There are no shortcuts. Any shortcut that is attempted will turn around an bite you. Do the article 220 calculation. Make the owner or general contractor provide the informatiuon needed to do a proper calculation or let someone else make a fool of themselves.
 

ed downey

Senior Member
Location
Missouri
You would be surprised how close the actual service size comes in most buildings while doing preliminary budgets with the information I listed above.
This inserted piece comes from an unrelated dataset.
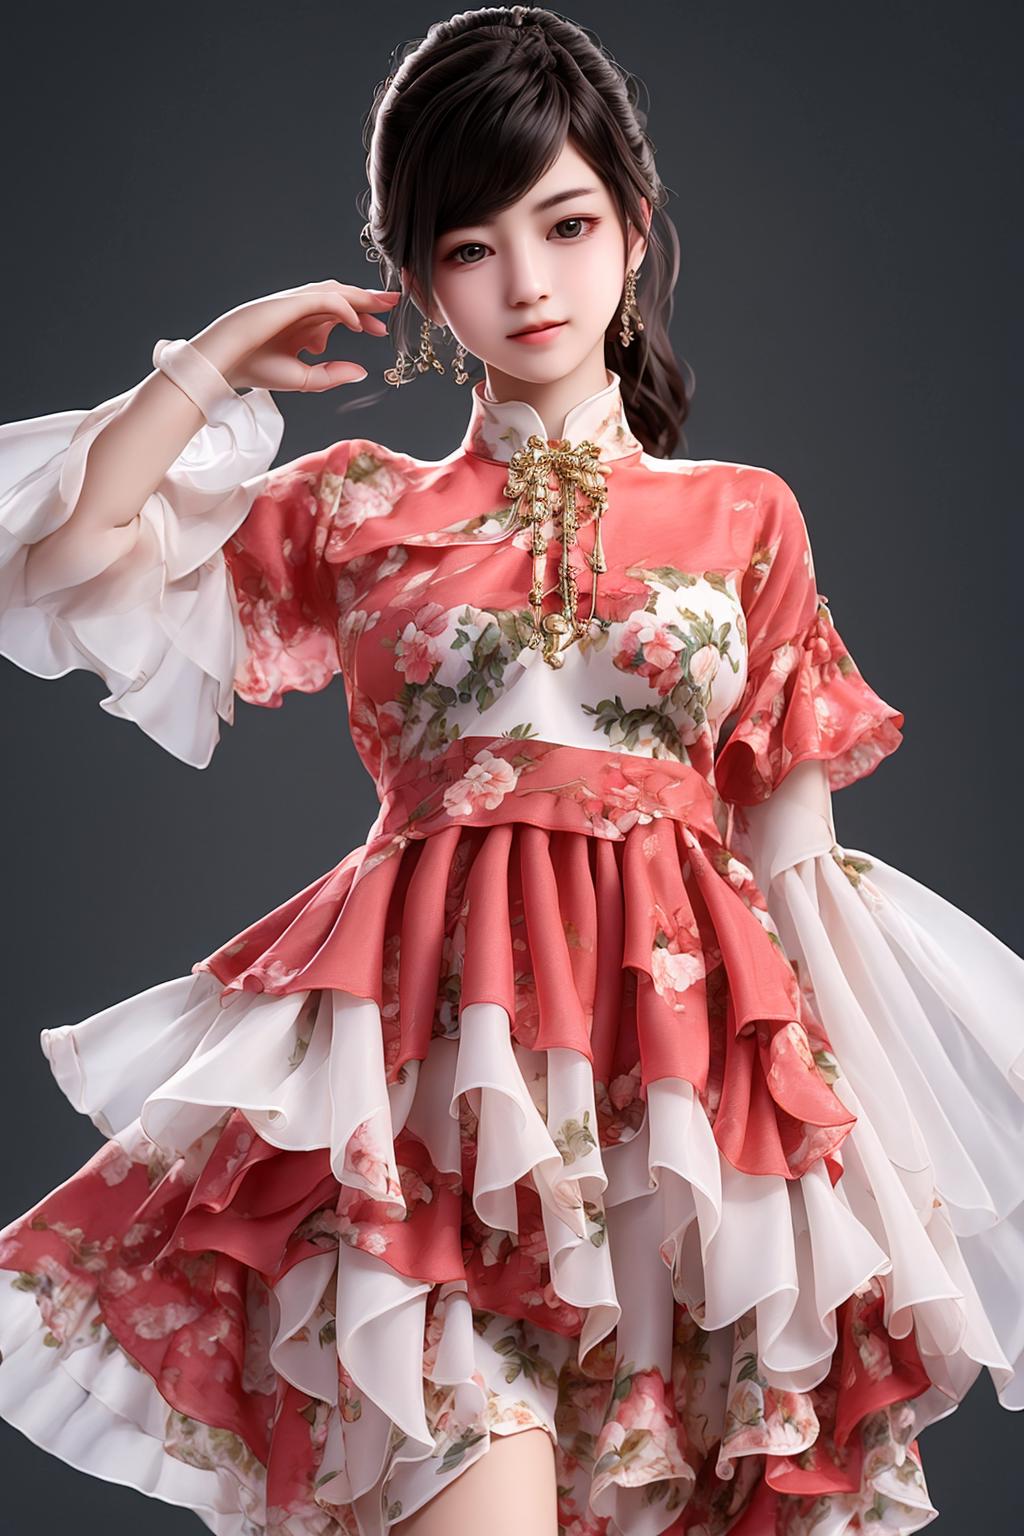 New Chinese Style Suit（新中式服饰）LoRa image by axebro

We do not build from these calculations but we do budget the electrical based upon these rules of thumb when we have nothing to go off of except for building type and square footage.
We negotiate about 85% of the work that we do as a general contractor and the clients rely on a good budget for financing purposes early on in the process which means using many rules of thumb that I have developed over the years.
-Ed
 

rzuffi

Member
For lighting, you may also want to look into International Energy Conservation Code (IECC) and find out what energy code your state follows.
They have free programs on their website called COMMcheck (commerical applications) and REScheck (residential appilcations) to help with calculations.
 

JeffD

Member
Location
cleveland, oh
My experience has been from 20-25 watts / sf for most. Some smaller high dense ones have been close to 30 watts / sf

Generator sizing has been from 5-10 watts / sf. Upper end since that major power outage and people are putting chillers on e-power now. I guess they found out it didn't work out very well having non-operable windows when the chillers went down.
 

jtester

Senior Member
Location
Las Cruces N.M.
rzuffi said:
For lighting, you may also want to look into International Energy Conservation Code (IECC) and find out what energy code your state follows.
They have free programs on their website called COMMcheck (commerical applications) and REScheck (residential appilcations) to help with calculations.
If your jurisdiction is under the IECC, these are lighting design maximums, but you can't do electrical load calculations from these values. You'll usually be far short of the NEC minimums if you try.

Jim T
 

rzuffi

Member
jtester said:
If your jurisdiction is under the IECC, these are lighting design maximums, but you can't do electrical load calculations from these values. You'll usually be far short of the NEC minimums if you try.

Jim T

I completely agree, follow the NEC for all electrical load calculations. I was simply throwing the IECC out there so it is not overlooked in the design, if required by your jurisdication.